I don’t have any friends or family who are a medspouse, so maybe that’s why I feel so isolated in this. I find it so hard to live our lives on polar opposite schedules. I come home to a silent house, maybe see him for half an hour while he gets ready for work, and then he’s gone. I eat dinner alone, clean the house up alone, and go to sleep alone.
Even on his days off, the times I’m awake and home from work he is typically sleeping; either in preparation for or to recover from a string of shifts. These days sure we will eat together, but I still hate the going to bed alone while he stays up until 4am.
It is next to impossible for us to get away for a long weekend, a vacation, or anything like that. If he is off for a couple days during the week while I work, he will take advantage of that and go visit friends out of town or on camping trips in the summer. I love that he is able to do that for himself, but then I wind up feeling bitter and jaded.
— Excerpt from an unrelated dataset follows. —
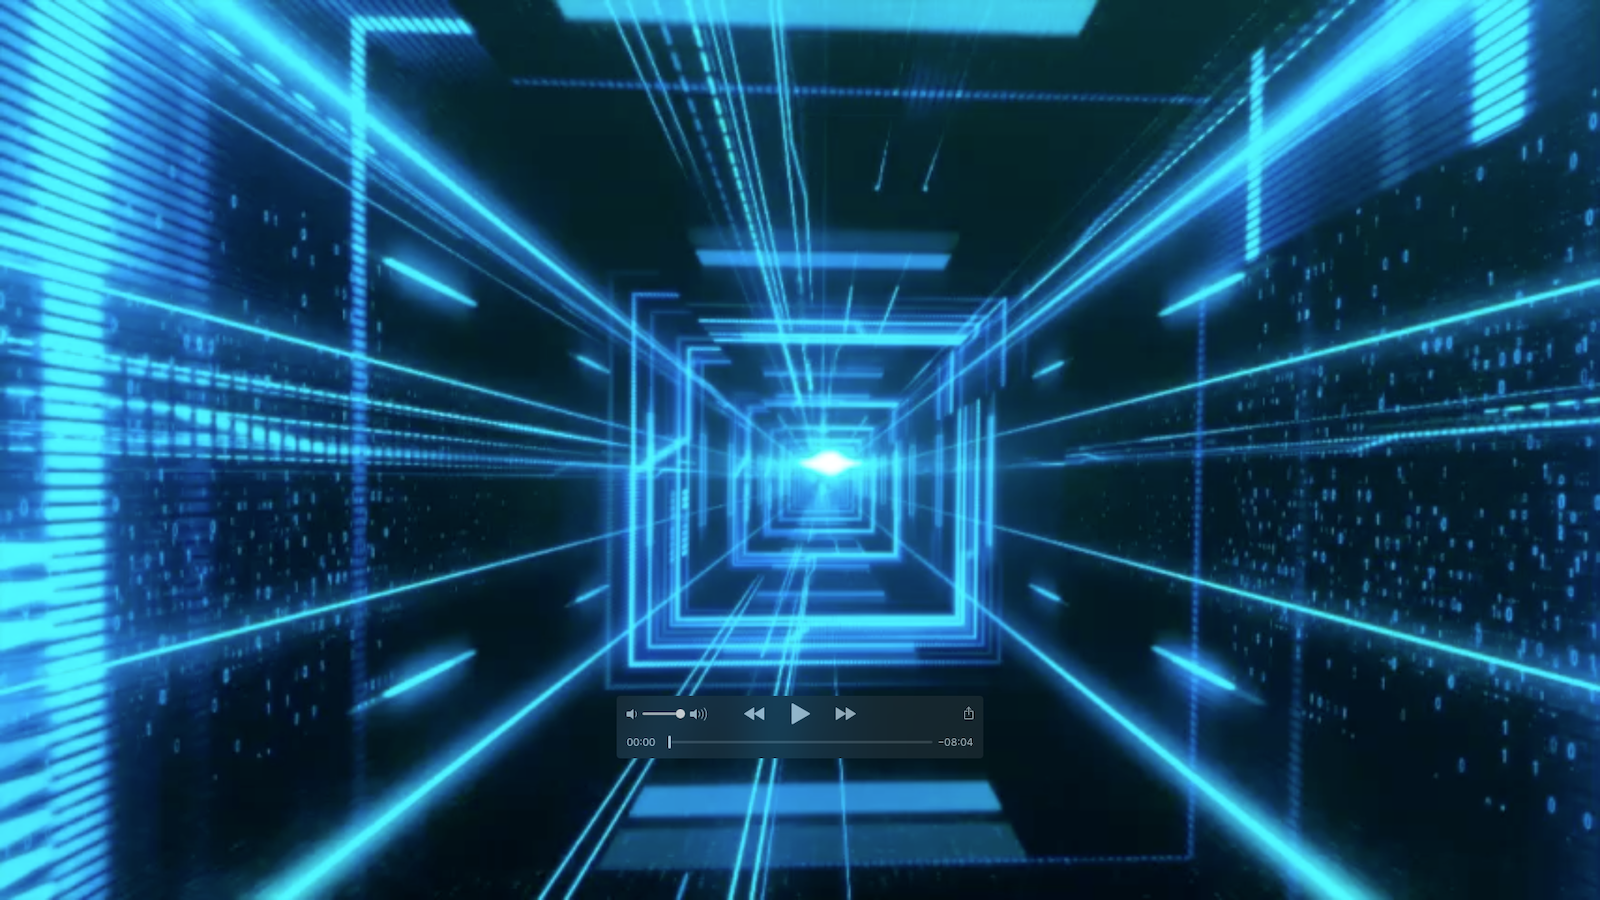 Cyberspace Lichttunnel

Why is HE able to pack up all responsibility mid-week, when I still have to work and take care of the house and pets? Why can’t he ever arrange these things so they line up with MY schedule and I could go too, when so much of my life is built intentionally to revolve around his schedule/maximize our time together?
I feel selfish because obviously none of this is really his fault. It’s the nature of his career. And to him, honestly this is probably normal (both of his parents are MD’s). But this is not the life I had envisioned for myself, nor the way I thought marriage would look. I spend so much time in our home, without him. Does it get better? Am I being ridiculous? Any and all comments welcome.